_Raw data_:

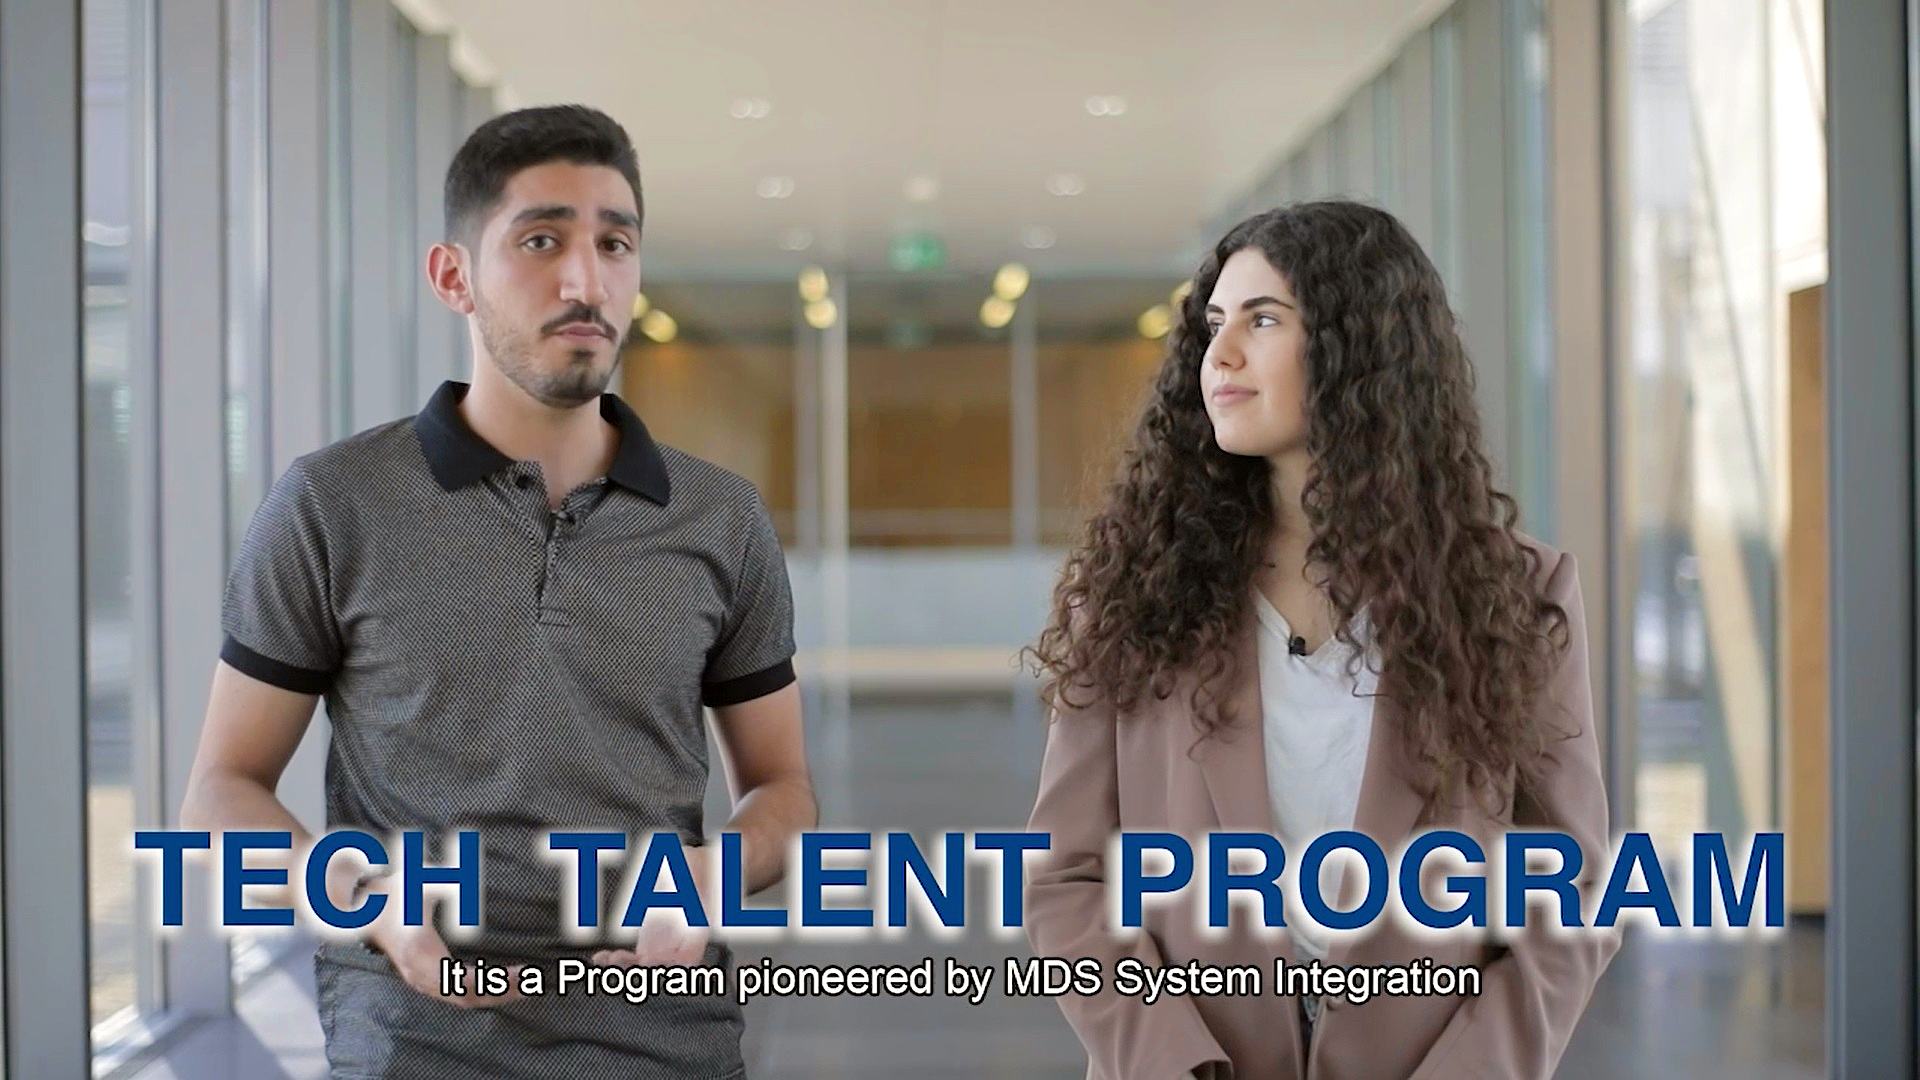 deux jeunes vus dans une vidéo avec l’inscription Tech Talent Program sur la partie inférieure de l'écran
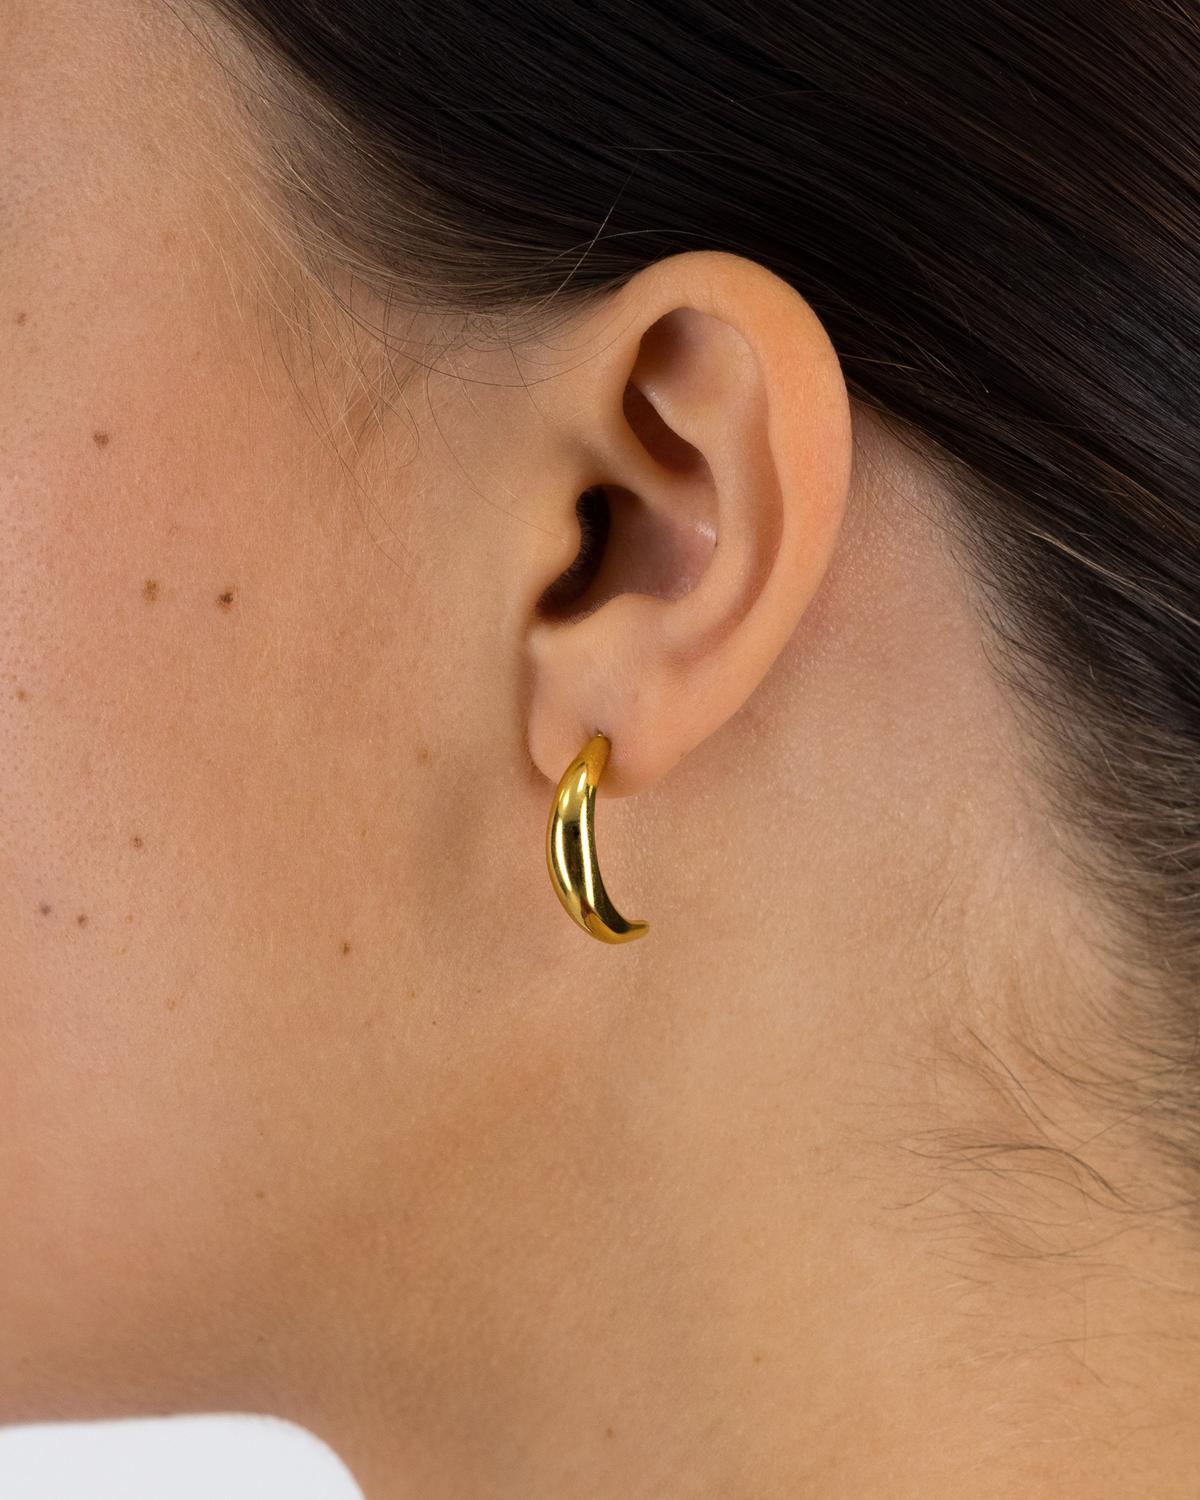 Old Khaki x byCara Women’s Moon Hoop Earrings  -  Gold
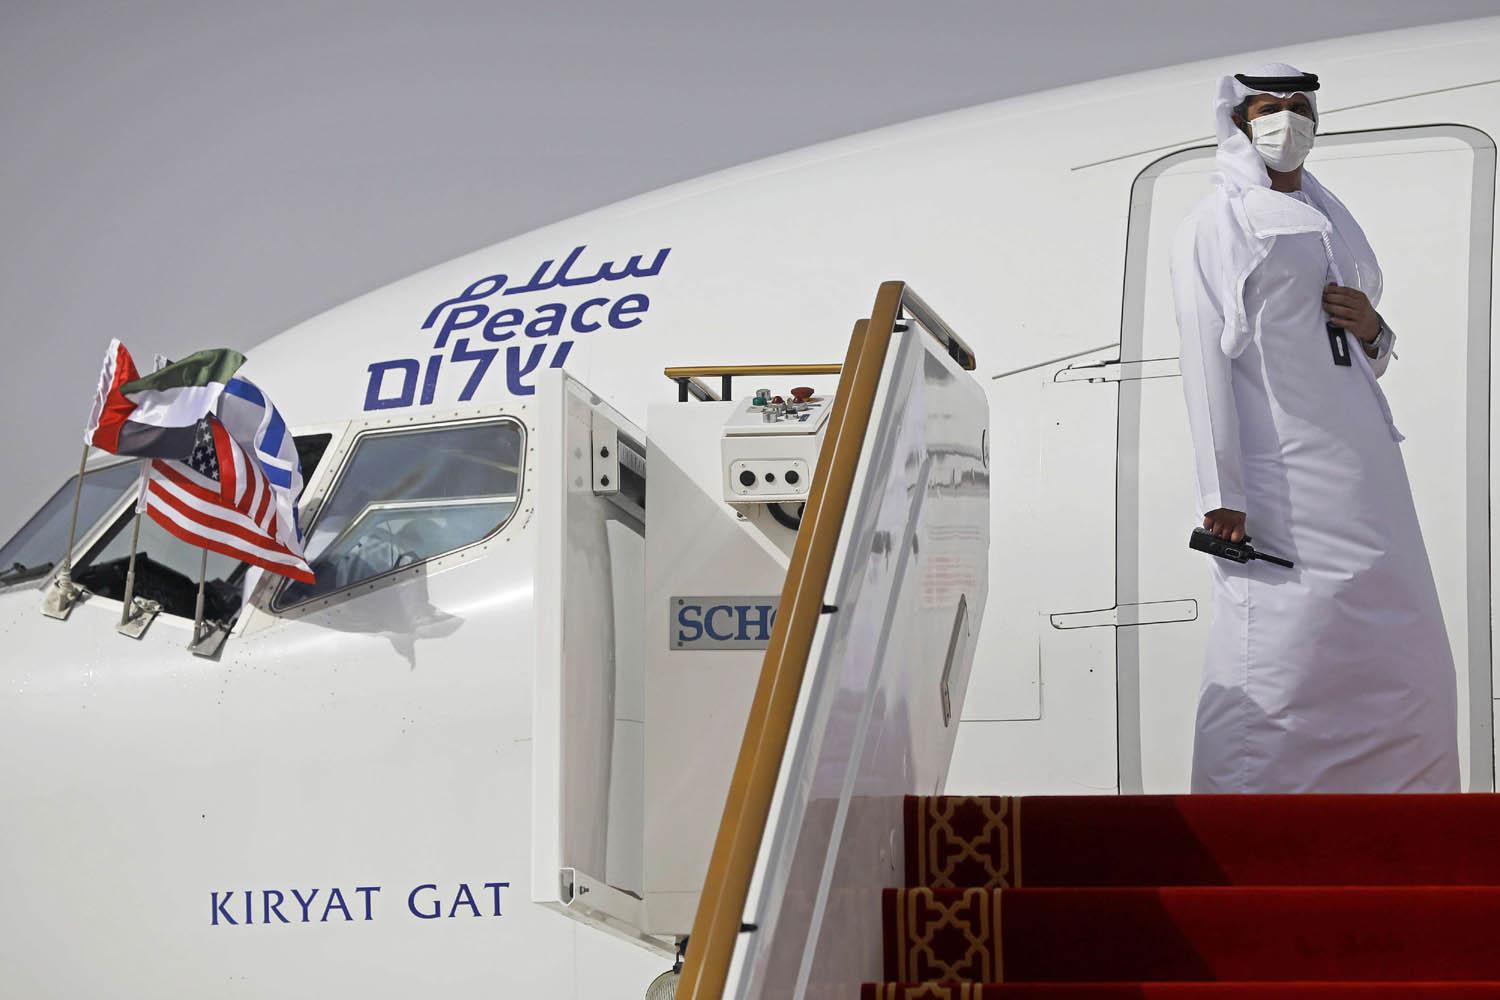 موظف أرضي اماراتي أمام طائرة العال في مكار أبوظبي
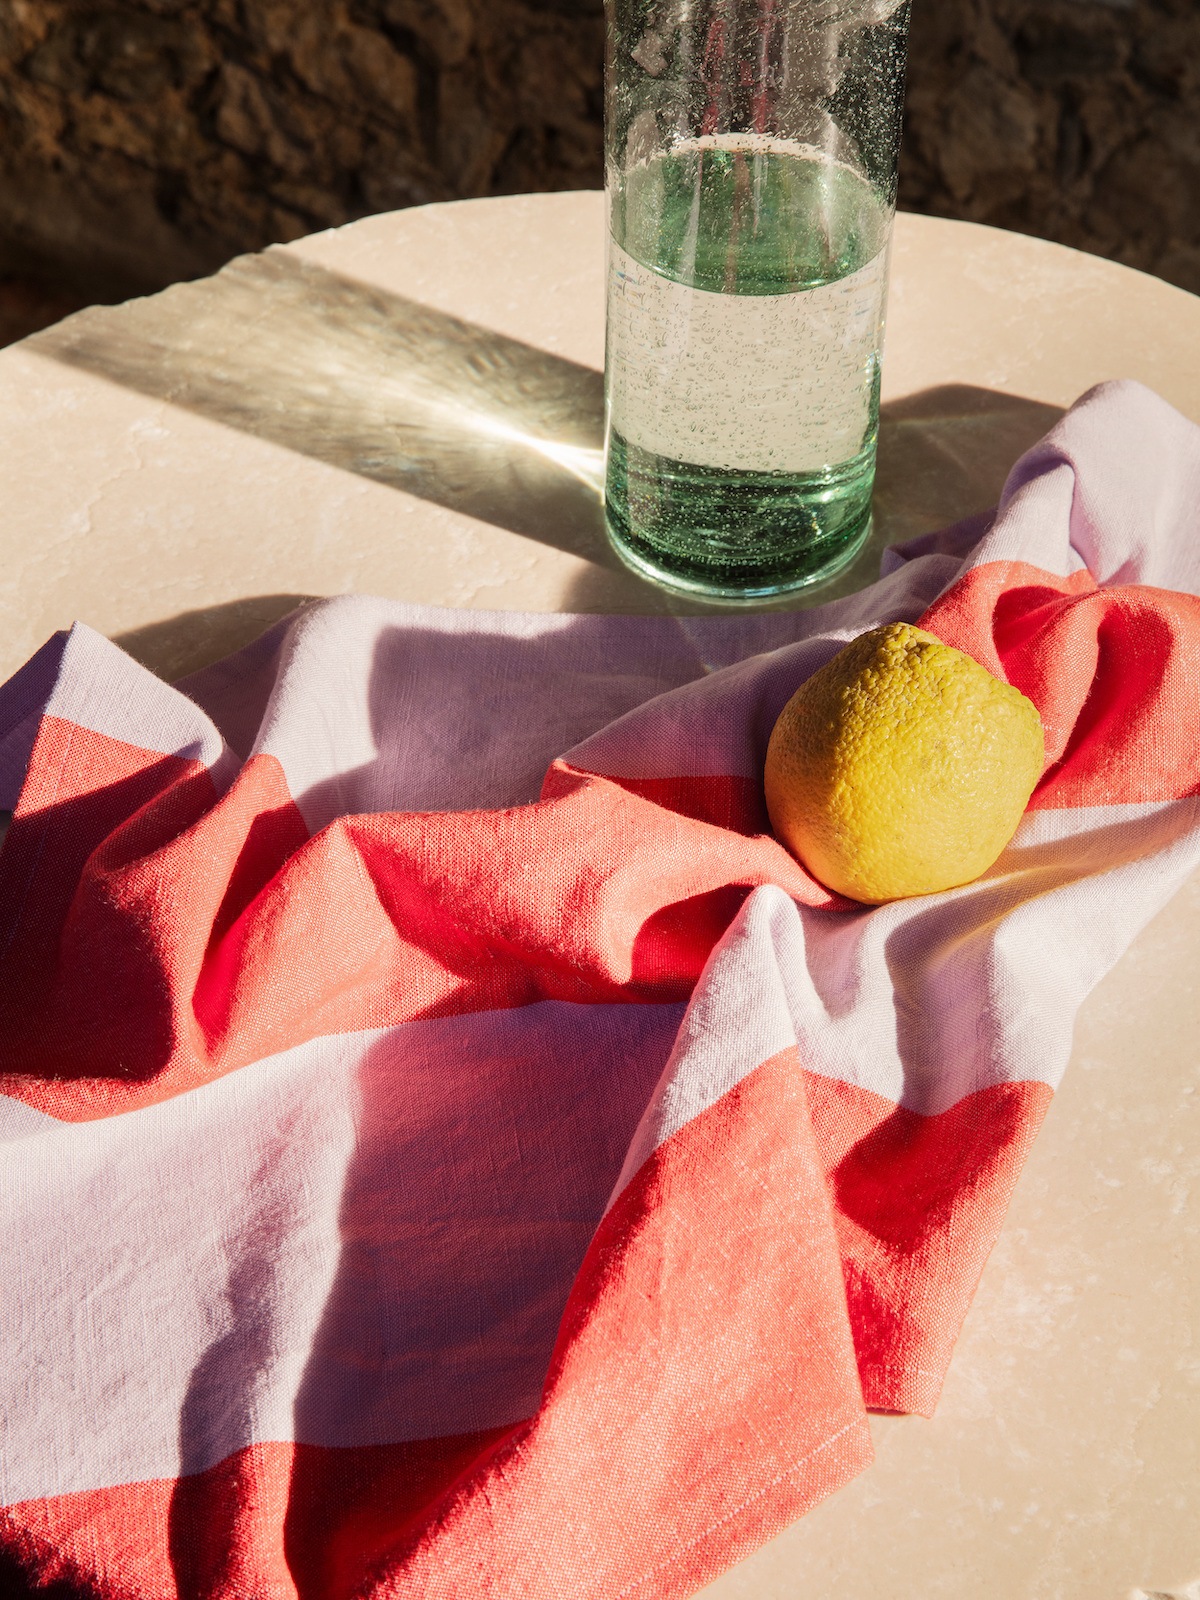 Gestreiftes Küchentuch in rosa und rot, darauf eine Zitrone. Dahinter steht eine Glaskaraffe.

_About this exercise_:
Retype the material in full, exactly as written, and exclude the pictures.

_Output for this exercise_:
 deux jeunes vus dans une vidéo avec l’inscription Tech Talent Program sur la partie inférieure de l'écran
 Old Khaki x byCara Women’s Moon Hoop Earrings  -  Gold
 موظف أرضي اماراتي أمام طائرة العال في مكار أبوظبي
 Gestreiftes Küchentuch in rosa und rot, darauf eine Zitrone. Dahinter steht eine Glaskaraffe.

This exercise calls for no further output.